I beg amnesia! High numbers bring stress.
Gravity pulls at my bits (blame the moon!).
Simple digits torture, plague and obsess.
Rivers of time stop their slow, lazy snake.
Questions of youth sag trivial and moot.
I blow all the flames; wish and stab the cake.
As birthday cakes go, this one is a beaut.
Silence cloaks me, let me hide like Garbo.
Tears in a crowd, is a part I can't play.
I drift the present scene like a hobo.
Acting the role on my happy, birthday.
My diamond wishes bring but a rhinestone.
Sweet perfume? No, understudy cologne.
(BTW my birthday is in November.)
Posted: Sun Mar 13, 2005 7:23 am
by linda_lakeside
November? Oh! Thank Gawd! I thought I was going to start a hobby as a Hallmark Birthday Card writer. You know I know nothing about the structure and discipline or non-discipline, rules, etc. about poetry. But you know what? I really, really, liked your poem.

. Honest, I can't tell you why, I just know I liked it. I like much good stuff, you know? It's instinctual.
Later,
Linda.
Posted: Sun Mar 13, 2005 8:15 am
by LaurieAK
Thanks Linda~ appreciate your comments and instinct.
ciao for now,
L
p.s. where do i send the check?
Posted: Sun Mar 20, 2005 11:48 pm
by Gideon
Yes, I agree with Linda, despite what you said about my submissions.
Good effort. If I have time I might try.
Posted: Sun Mar 20, 2005 11:55 pm
by LaurieAK
Thanks Gideon~
I do hope you give it a try.
And thank you for not stooping to mis-placed revenge because of my comments on your poem.
I stick by its cleverness....and you know the rest....
regards,
Laurie
Posted: Mon Mar 21, 2005 3:00 am
by Sandra
Very feminine poem Laurie....! I like it.
Posted: Mon Mar 21, 2005 4:44 pm
by lizzytysh
I love this poem, Laurie....and, of course, can relate. You broach the subject of aging with humour, realism, and a unique slant that I appreciate very much. I also like your puns and how at least one rhyming word seems to stand for another.
~ Lizzy
Gideon ~ I hadn't yet read your entry here, when I read your entry on your own, poem thread, and responded there. I second what Laurie has said regarding your objectivity and fairness, despite her disagreements on your own poem.

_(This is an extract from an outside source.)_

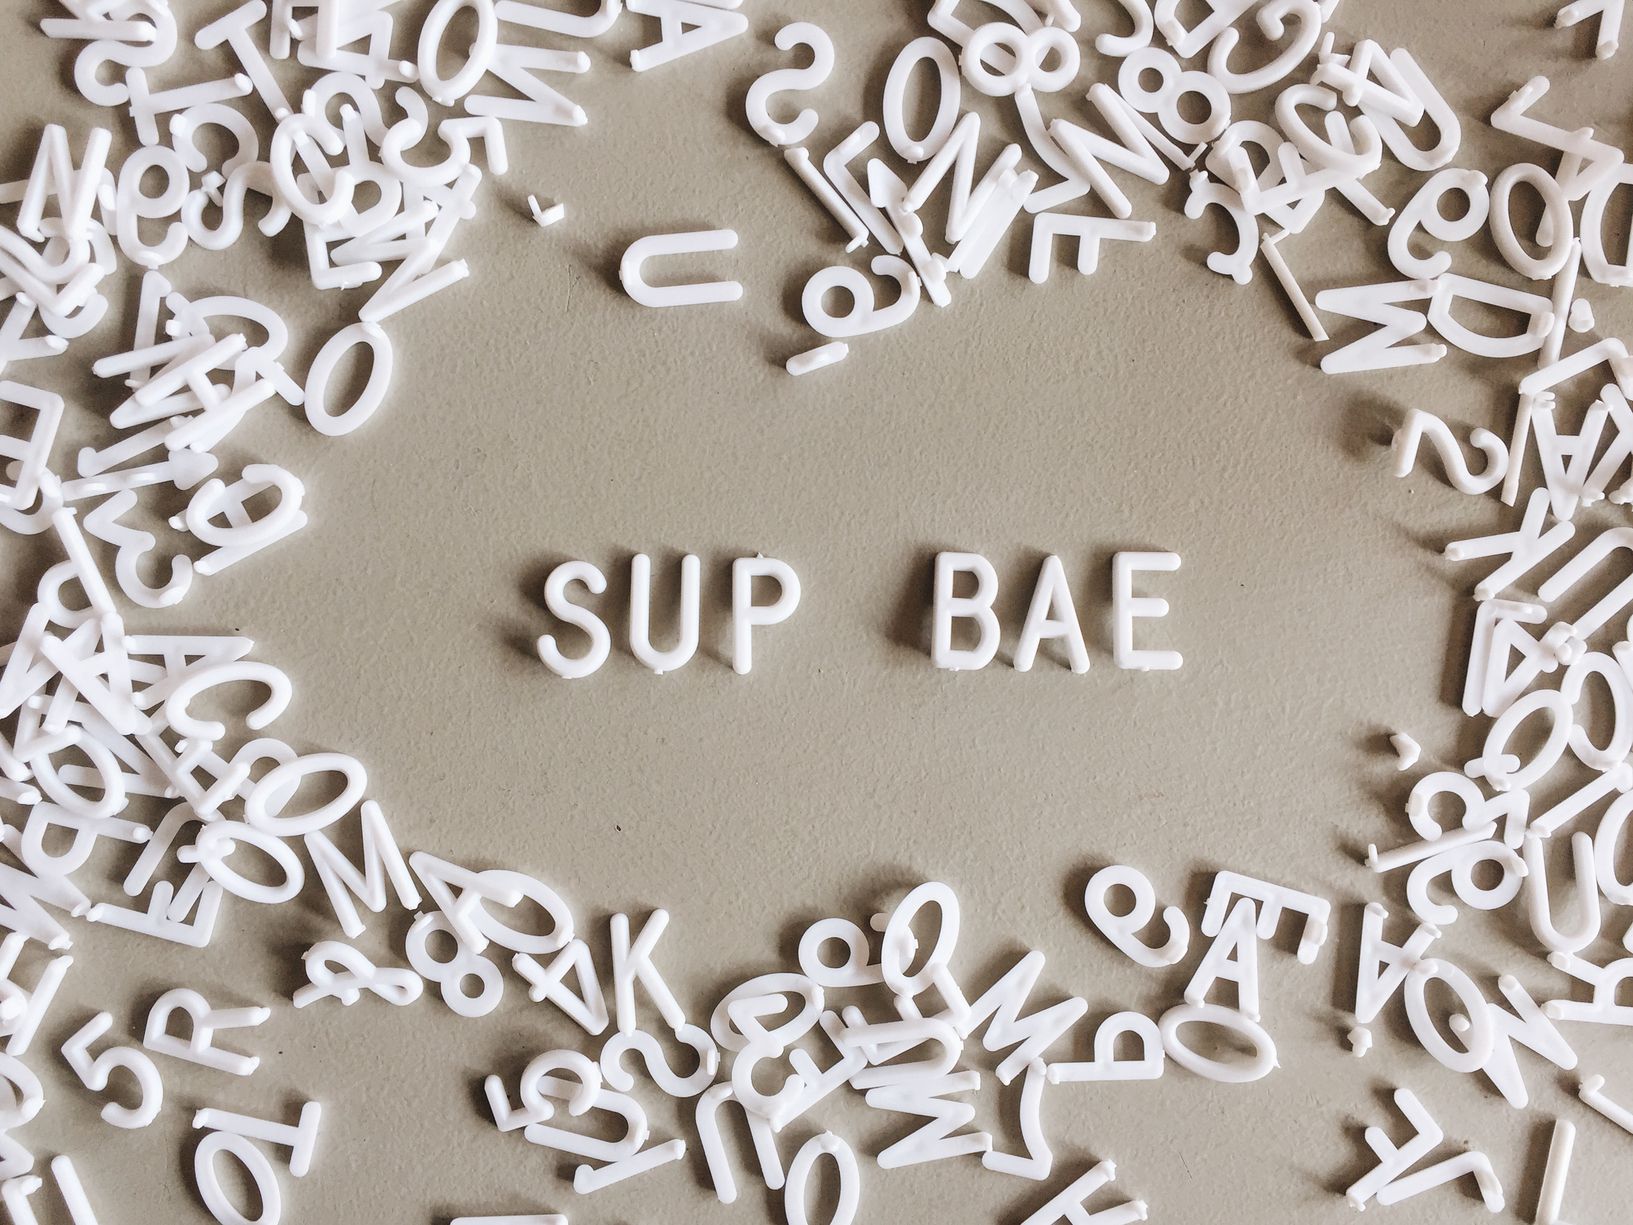 what the meaning of bae

By the way, never be surprized by anything that posting a poem here might generate. We have strong-minded folks aboard, who aren't going to stuff any feelings that might arise. It's great here that way.
Posted: Mon Mar 21, 2005 8:50 pm
by Gideon
Thanks Lizzy and Laurie; I do get over-sensitive. It's what comes of being an English, paranoid, manic-depressive! (Half joking)
All the best, G.
Posted: Tue Mar 22, 2005 2:39 am
by LaurieAK
Thanks Sandra & Lizzy~
Lizz, i'm glad you picked up on the puns. For me that is what really makes it work.
Of course if it wasn't for that list i came across (bouts-rimes) it wouldn't exist at all.